Validating Brain Tumor Reporting and Data System (BT-RADS) as a Diagnostic Tool for Glioma Follow-Up after Surgery

Affiliations

Validating Brain Tumor Reporting and Data System (BT-RADS) as a Diagnostic Tool for Glioma Follow-Up after Surgery

Yassir Edrees Almalki et al. Biomedicines. .

Abstract

Gliomas are a type of brain tumor that requires accurate monitoring for progression following surgery. The Brain Tumor Reporting and Data System (BT-RADS) has emerged as a potential tool for improving diagnostic accuracy and reducing the need for repeated operations. This prospective multicenter study aimed to evaluate the diagnostic accuracy and reliability of BT-RADS in predicting tumor progression (TP) in postoperative glioma patients and evaluate its acceptance in clinical practice. The study enrolled patients with a history of partial or complete resection of high-grade glioma. All patients underwent two consecutive follow-up brain MRI examinations. Five neuroradiologists independently evaluated the MRI examinations using the BT-RADS. The diagnostic accuracy of the BT-RADS for predicting TP was calculated using histopathology after reoperation and clinical and imaging follow-up as reference standards. Reliability based on inter-reader agreement (IRA) was assessed using kappa statistics. Reader acceptance was evaluated using a short survey. The final analysis included 73 patients (male, 67.1%; female, 32.9%; mean age, 43.2 ± 12.9 years; age range, 31-67 years); 47.9% showed TP, and 52.1% showed no TP. According to readers, TP was observed in 25-41.7% of BT-3a, 61.5-88.9% of BT-3b, 75-90.9% of BT-3c, and 91.7-100% of BT-RADS-4. Considering >BT-RADS-3a as a cutoff value for TP, the sensitivity, specificity, and accuracy of the BT-RADS were 68.6-85.7%, 84.2-92.1%, and 78.1-86.3%, respectively, according to the reader. The overall IRA was good (κ = 0.75) for the final BT-RADS classification and very good for detecting new lesions (κ = 0.89).
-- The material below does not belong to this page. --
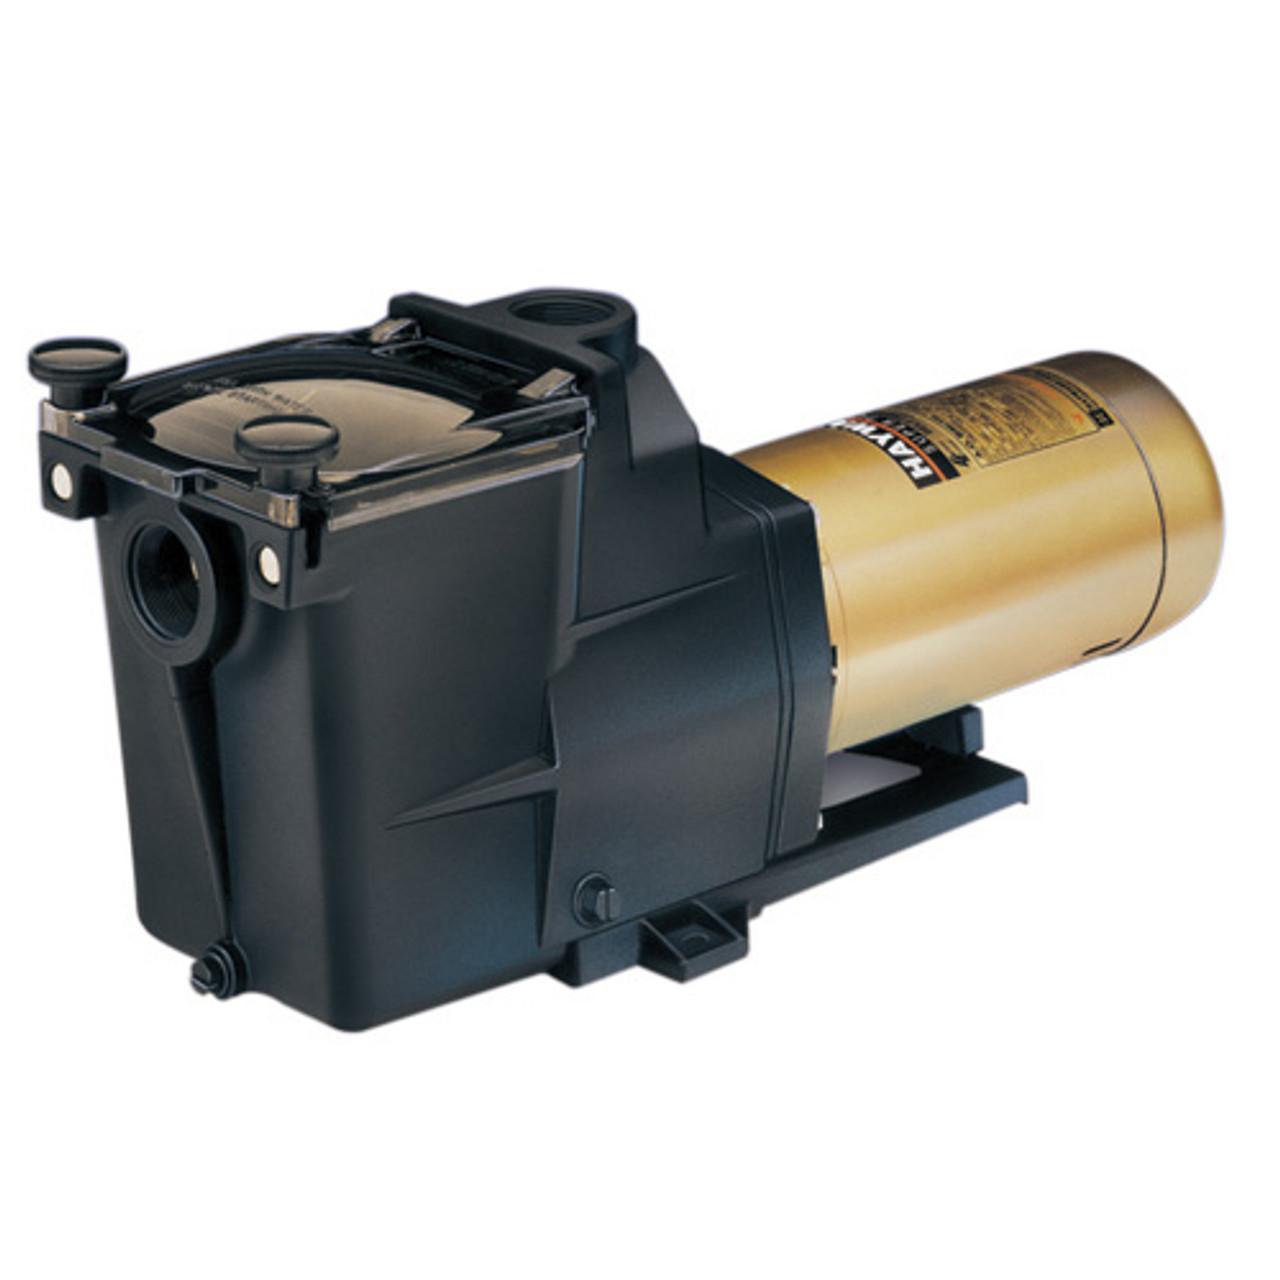 Hayward Super Pump 1.5 HP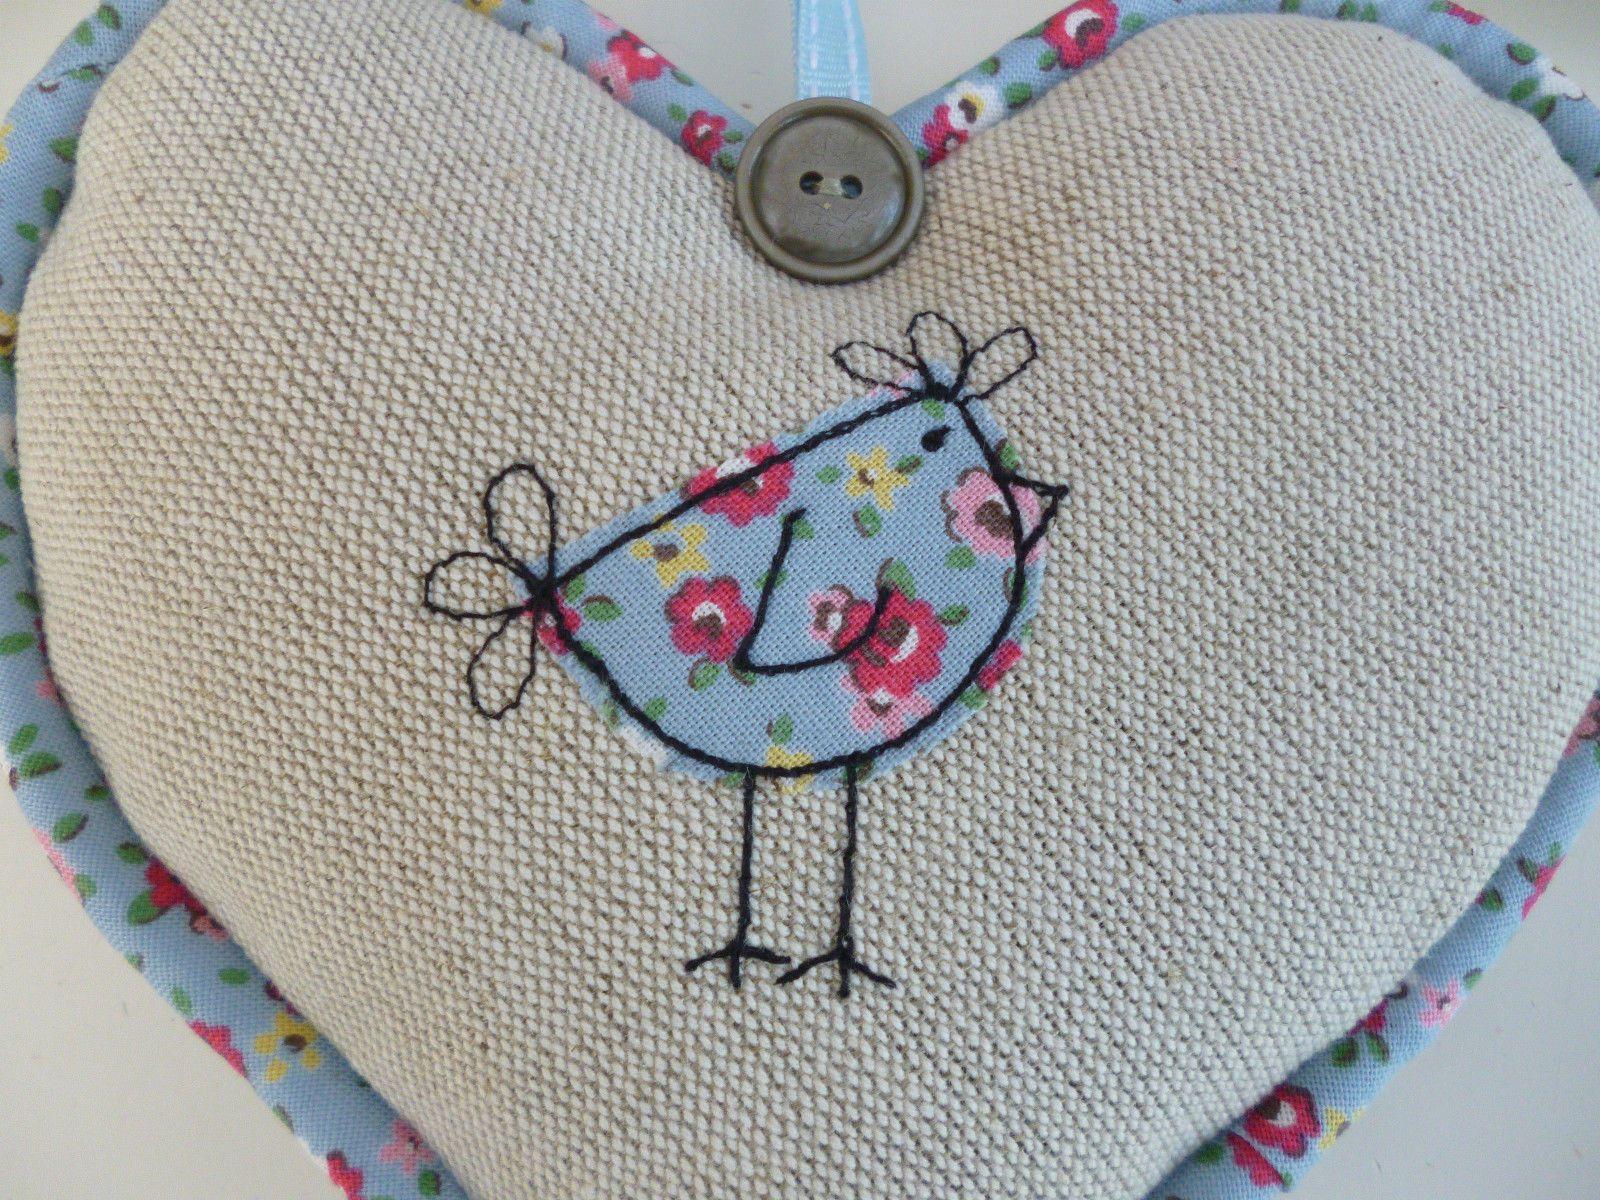 Handmade Lavender Hanging Heart, Cath Kidston Blue Floral Fabric, hen applique | eBay

The readers completely agreed with the statement "the application of the BT-RADS should be encouraged" (score = 25). The BT-RADS has good diagnostic accuracy and reliability for predicting TP in postoperative glioma patients. However, BT-RADS 3 needs further improvements to increase its diagnostic accuracy.

Keywords: BT-RADS; follow-up; glioma; magnetic resonance imaging; tumor progression.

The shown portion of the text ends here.